Supplied information:

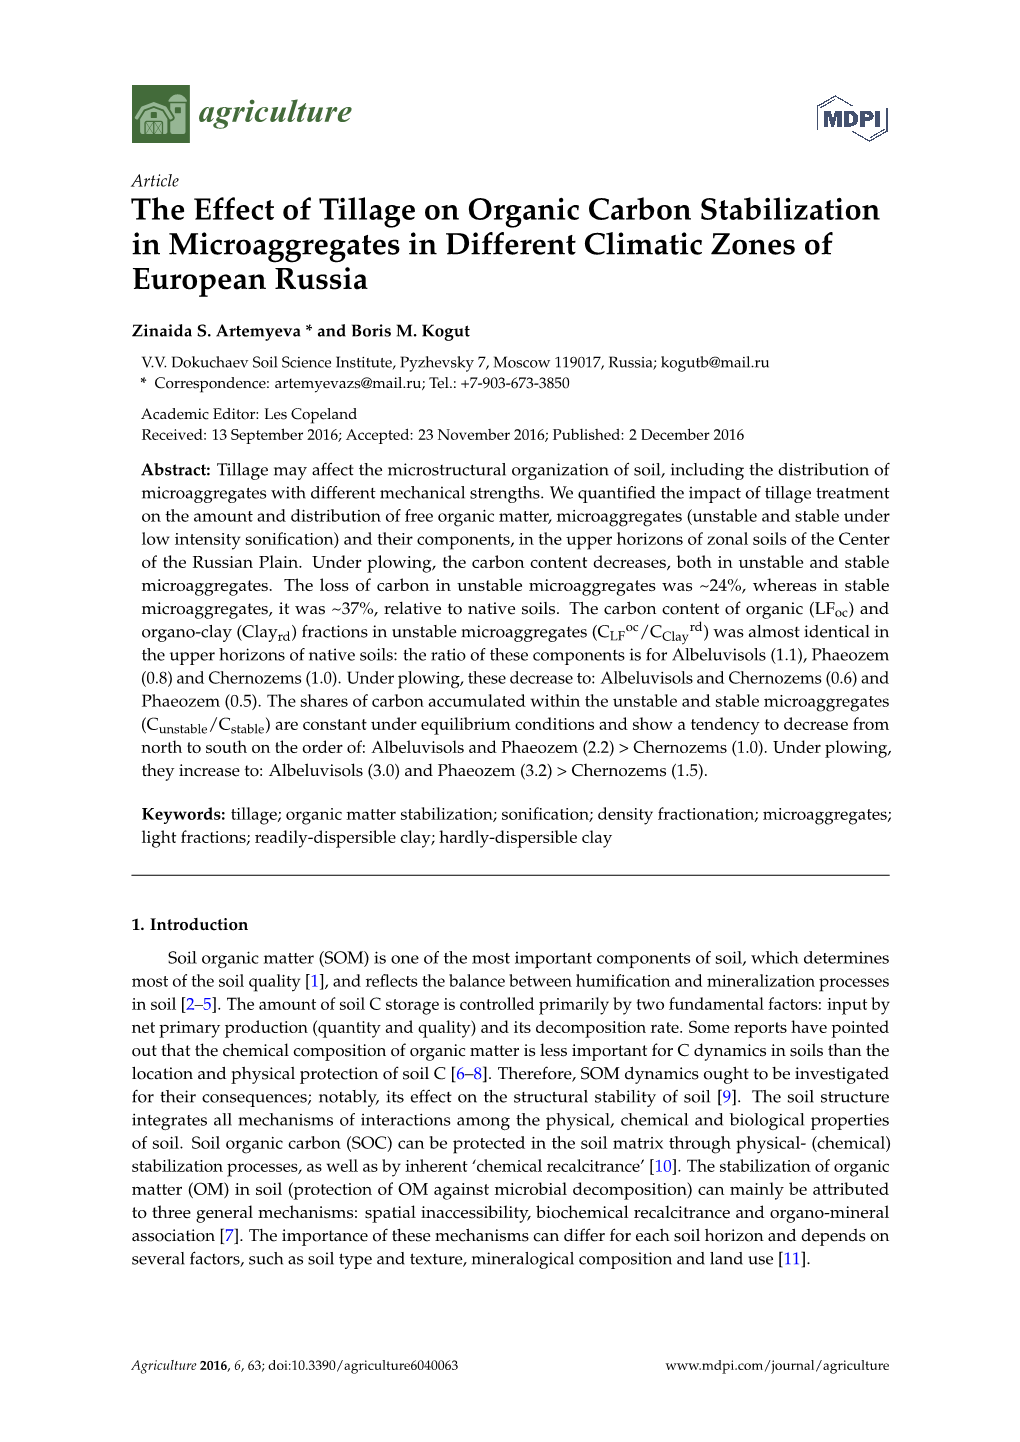 The Effect of Tillage on Organic Carbon Stabilization in Microaggregates in Different Climatic Zones of European Russia
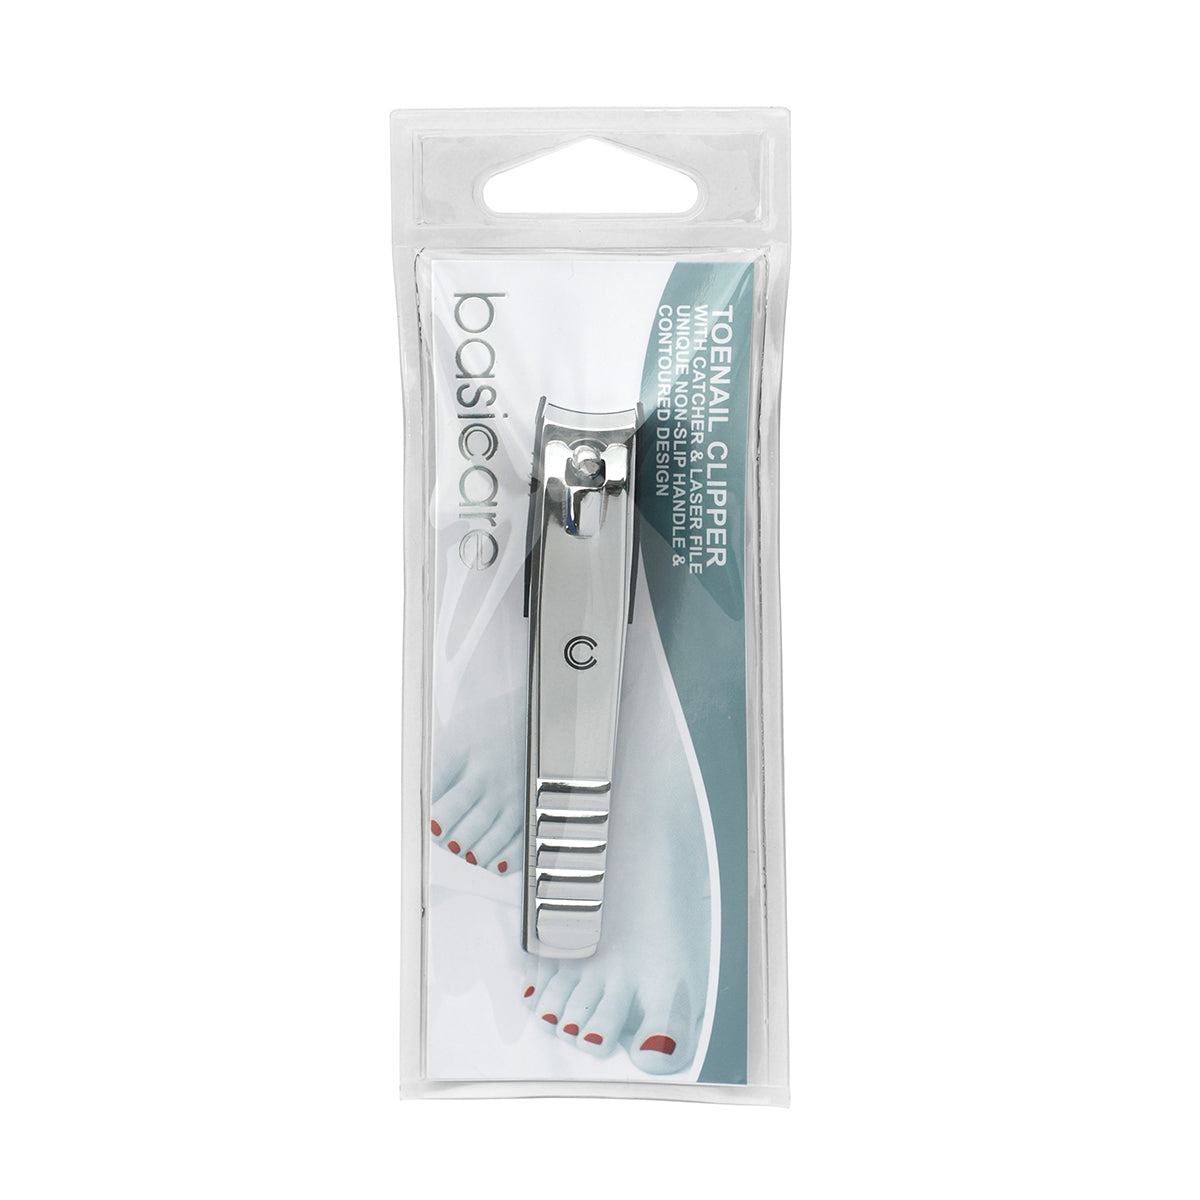 Basicare Curved Blade Nail Clipper (7616125370592)
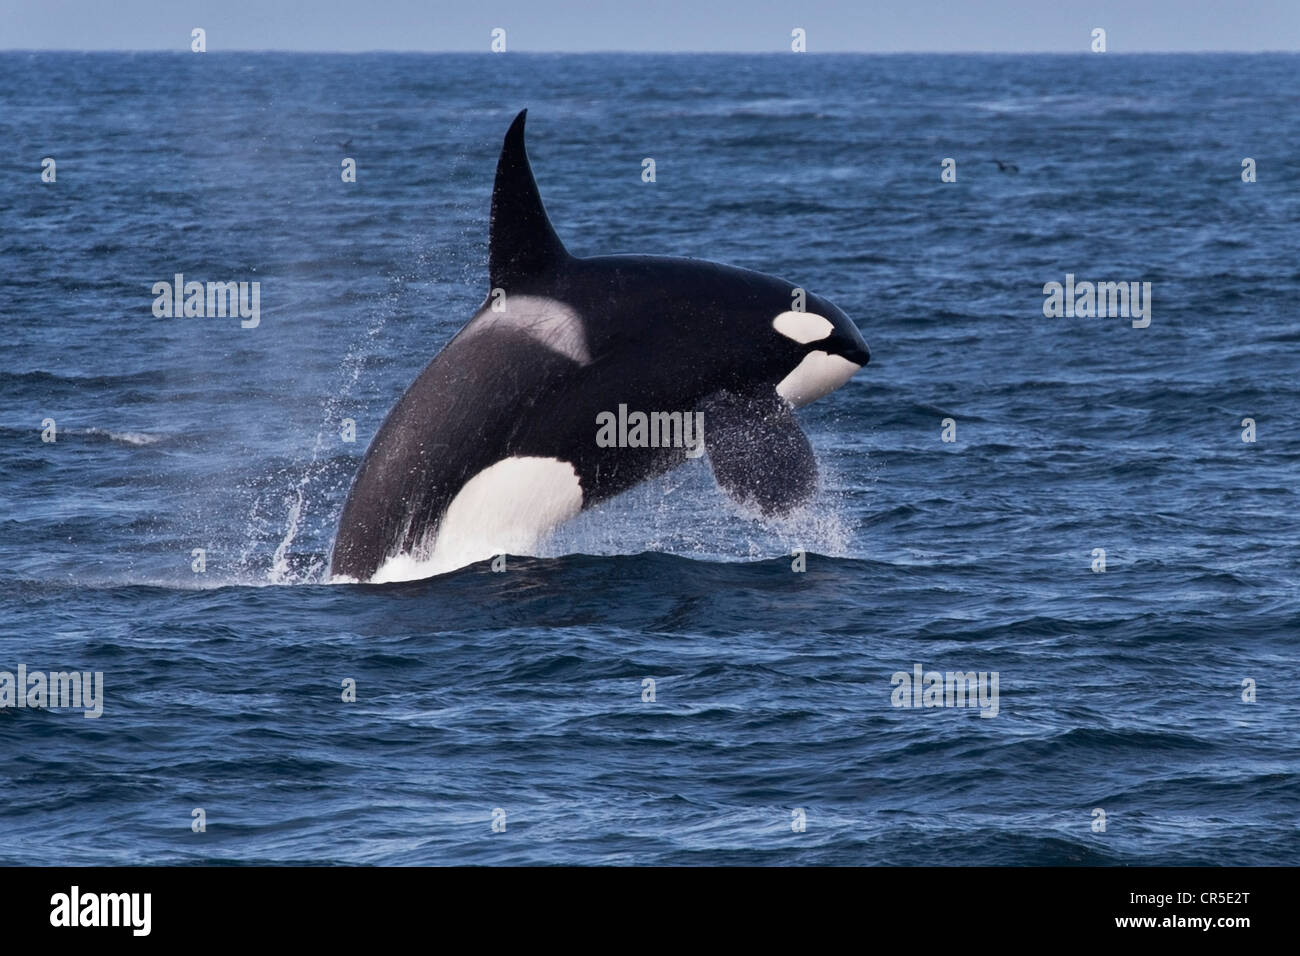 Transient Killer Whale/Orca (Orcinus orca). Large adult male breaching, Monterey, California, Pacific Ocean. Stock Photo

Exercise instructions: Reproduce the listing above exactly, but skip the pictures.

Exercise solution:
 The Effect of Tillage on Organic Carbon Stabilization in Microaggregates in Different Climatic Zones of European Russia
 Basicare Curved Blade Nail Clipper (7616125370592)
 Transient Killer Whale/Orca (Orcinus orca). Large adult male breaching, Monterey, California, Pacific Ocean. Stock Photo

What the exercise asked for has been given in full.